··· Given information ···

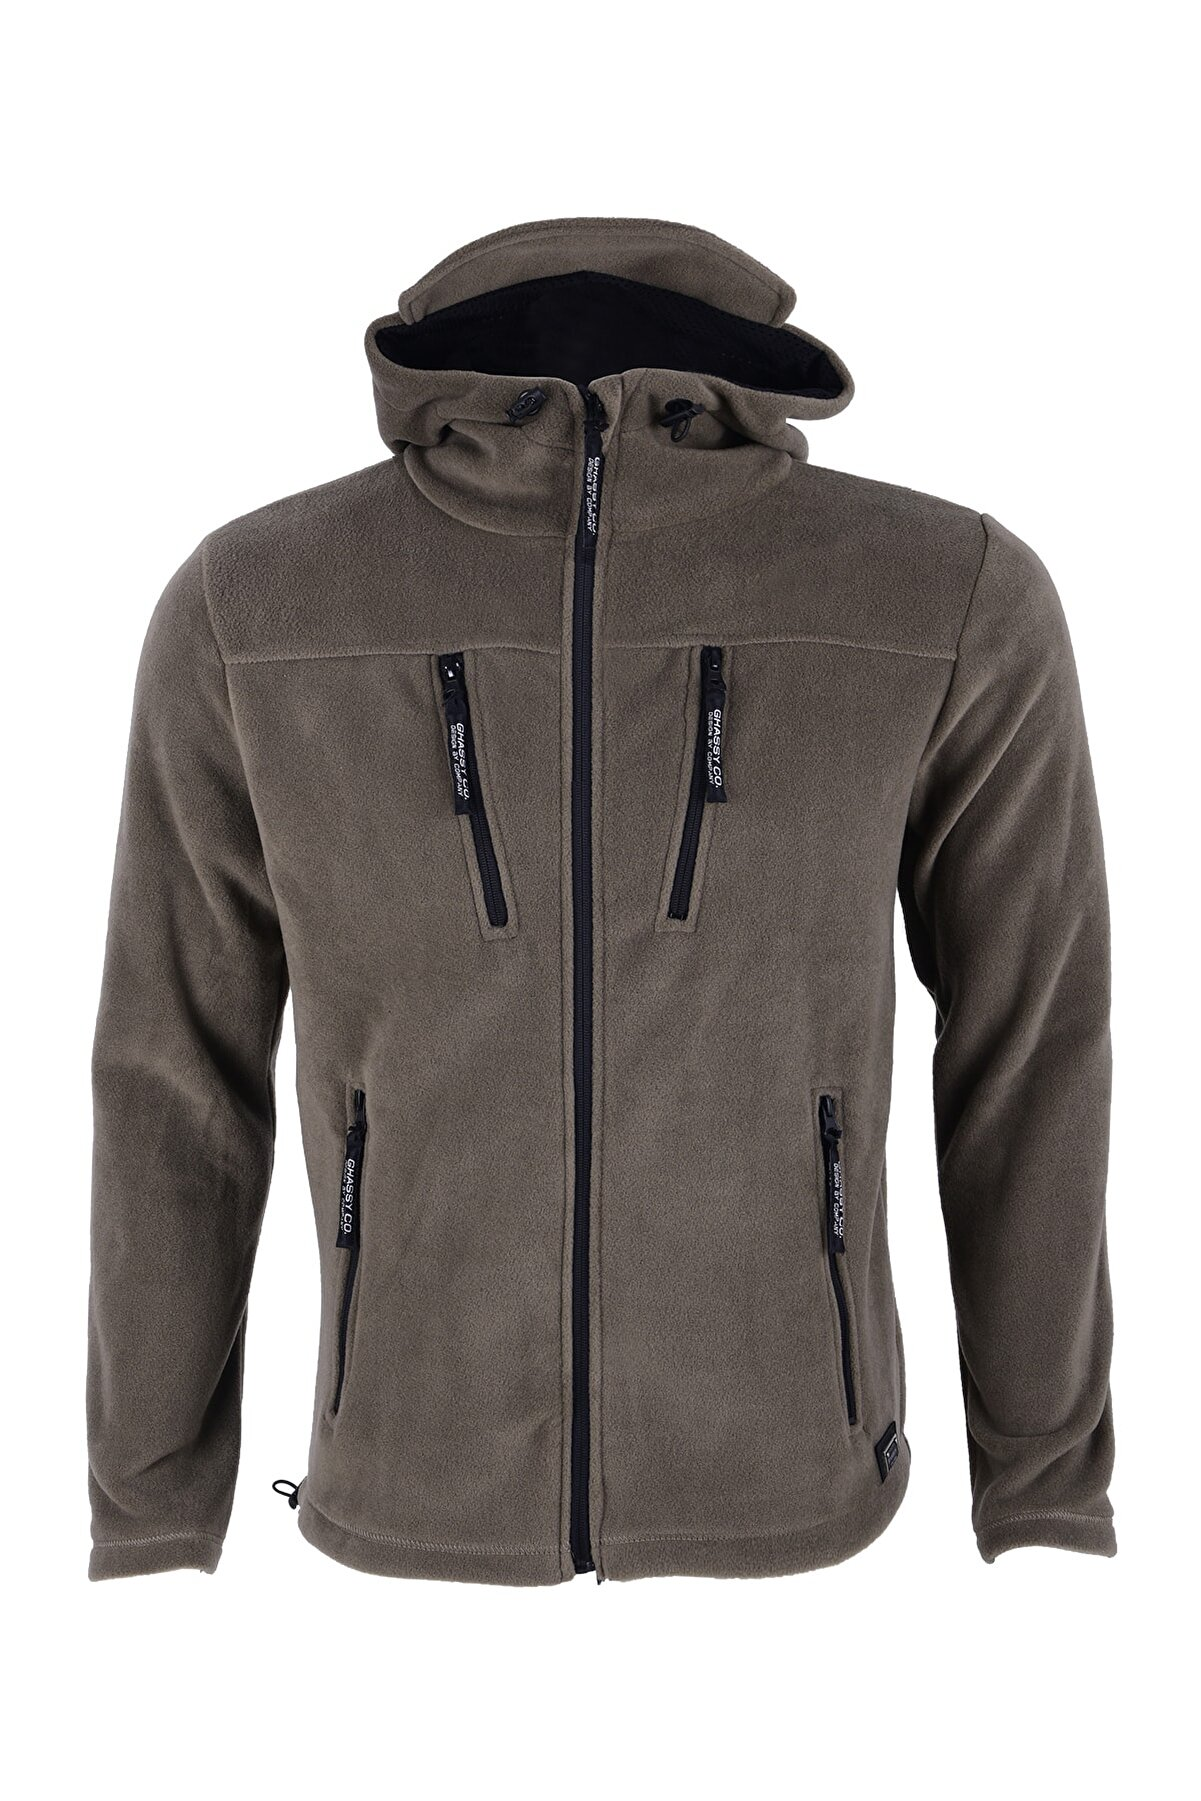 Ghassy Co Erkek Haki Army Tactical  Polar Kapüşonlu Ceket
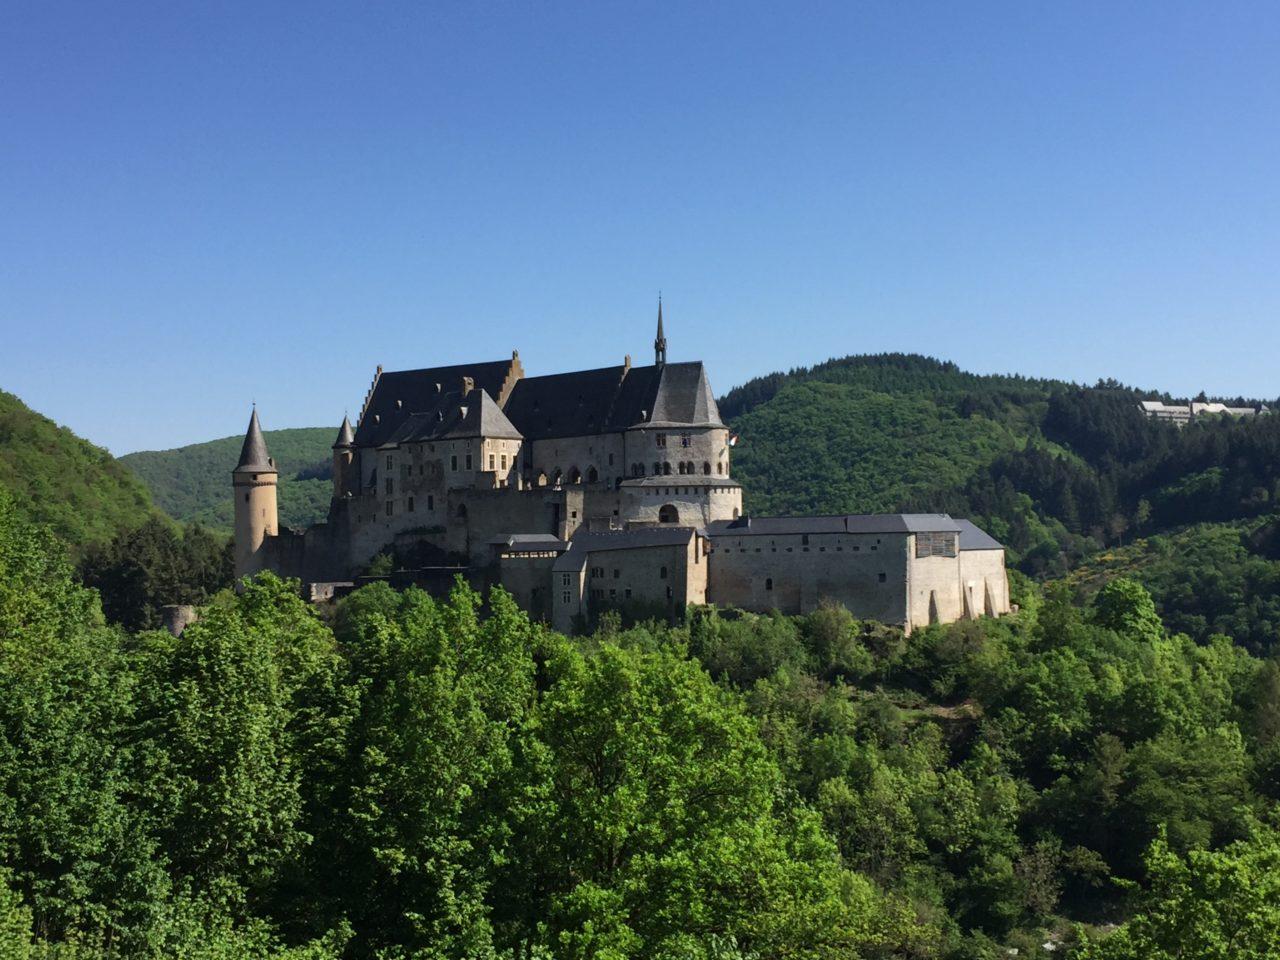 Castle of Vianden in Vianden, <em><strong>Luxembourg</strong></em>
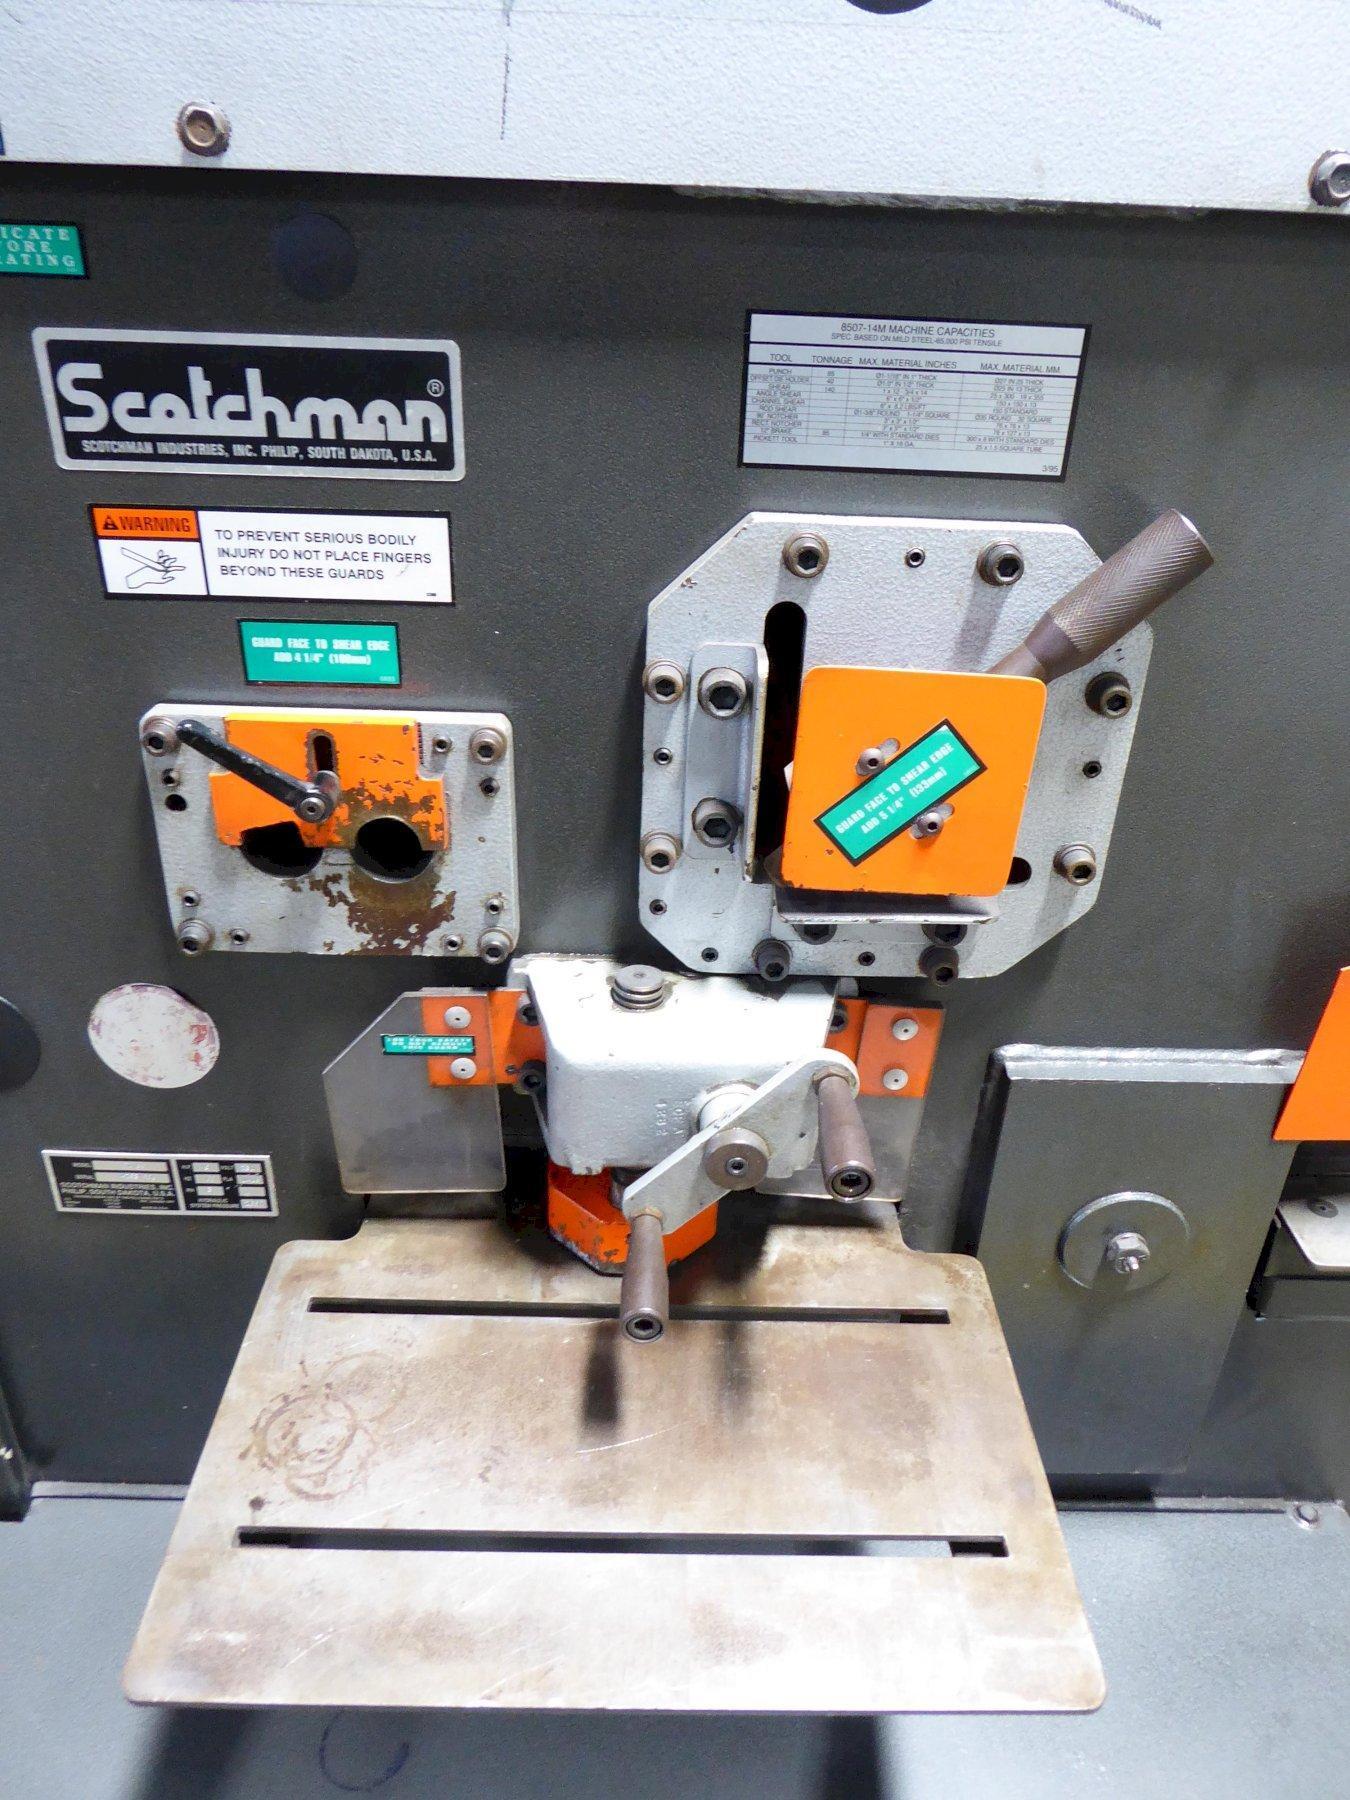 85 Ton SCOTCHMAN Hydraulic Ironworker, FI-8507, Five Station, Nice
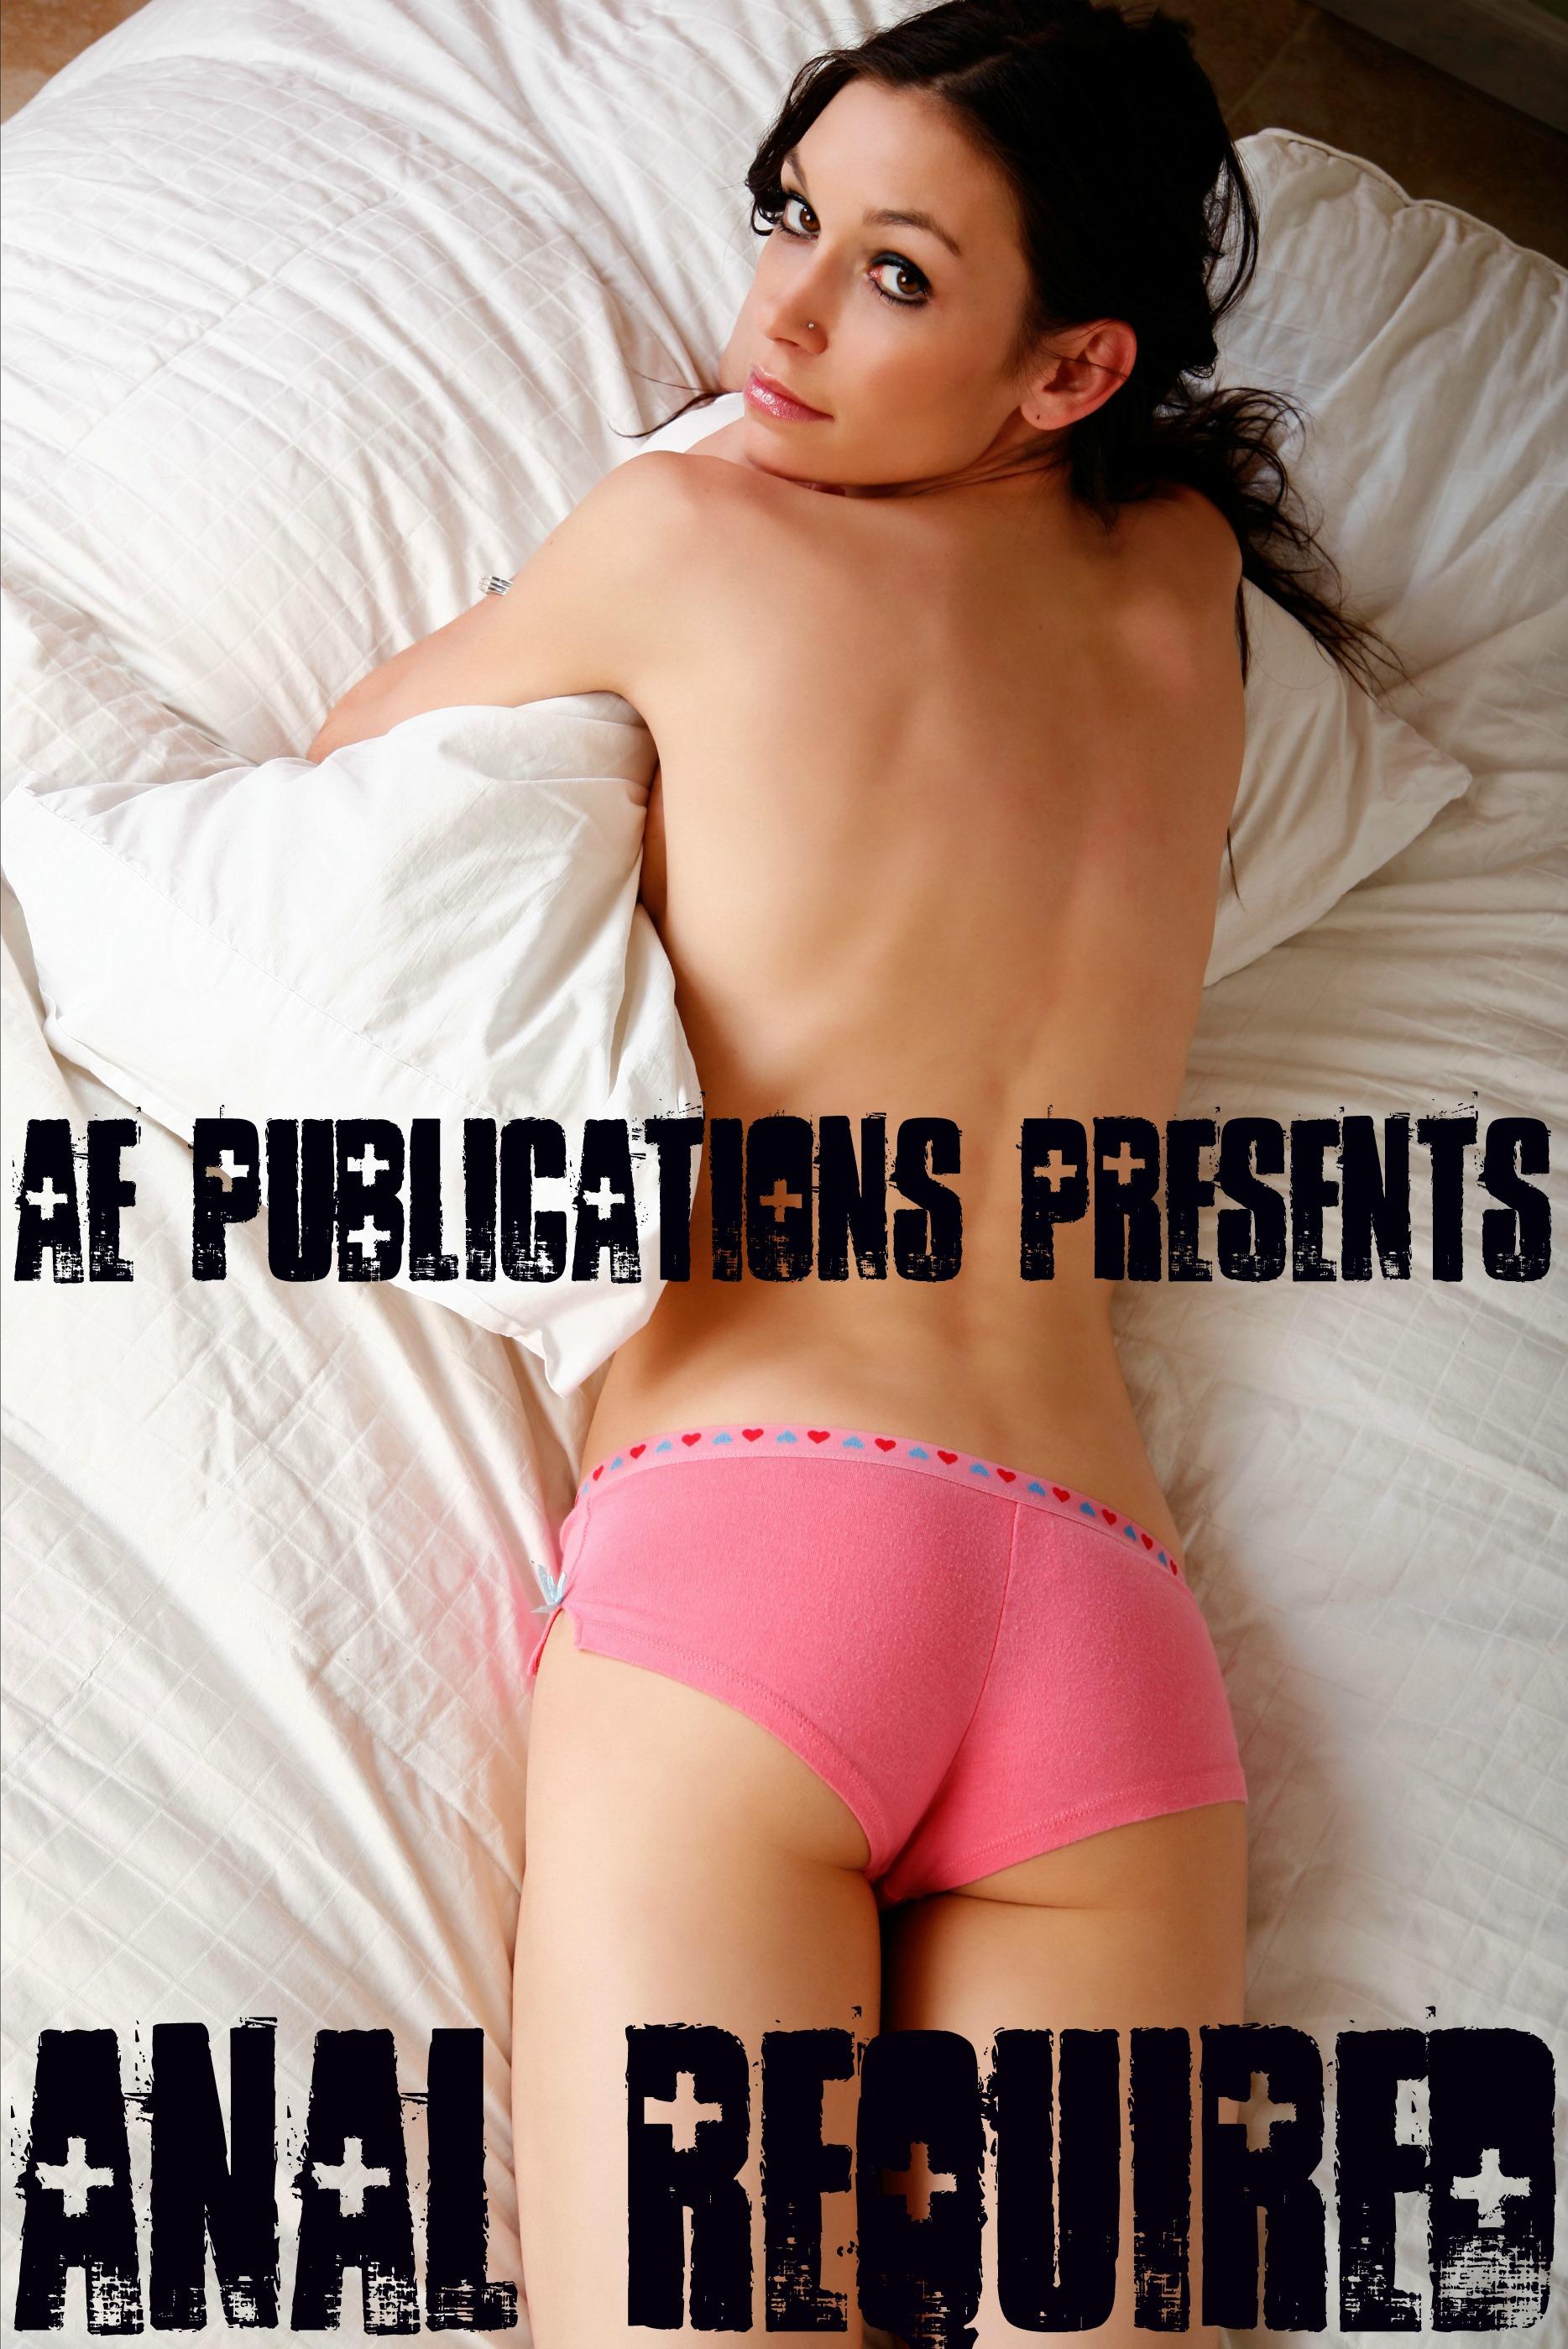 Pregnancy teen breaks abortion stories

···

Repeat each line of the material exactly, and drop any image it carries.

 Ghassy Co Erkek Haki Army Tactical  Polar Kapüşonlu Ceket
 Castle of Vianden in Vianden, <em><strong>Luxembourg</strong></em>
 85 Ton SCOTCHMAN Hydraulic Ironworker, FI-8507, Five Station, Nice
 Pregnancy teen breaks abortion stories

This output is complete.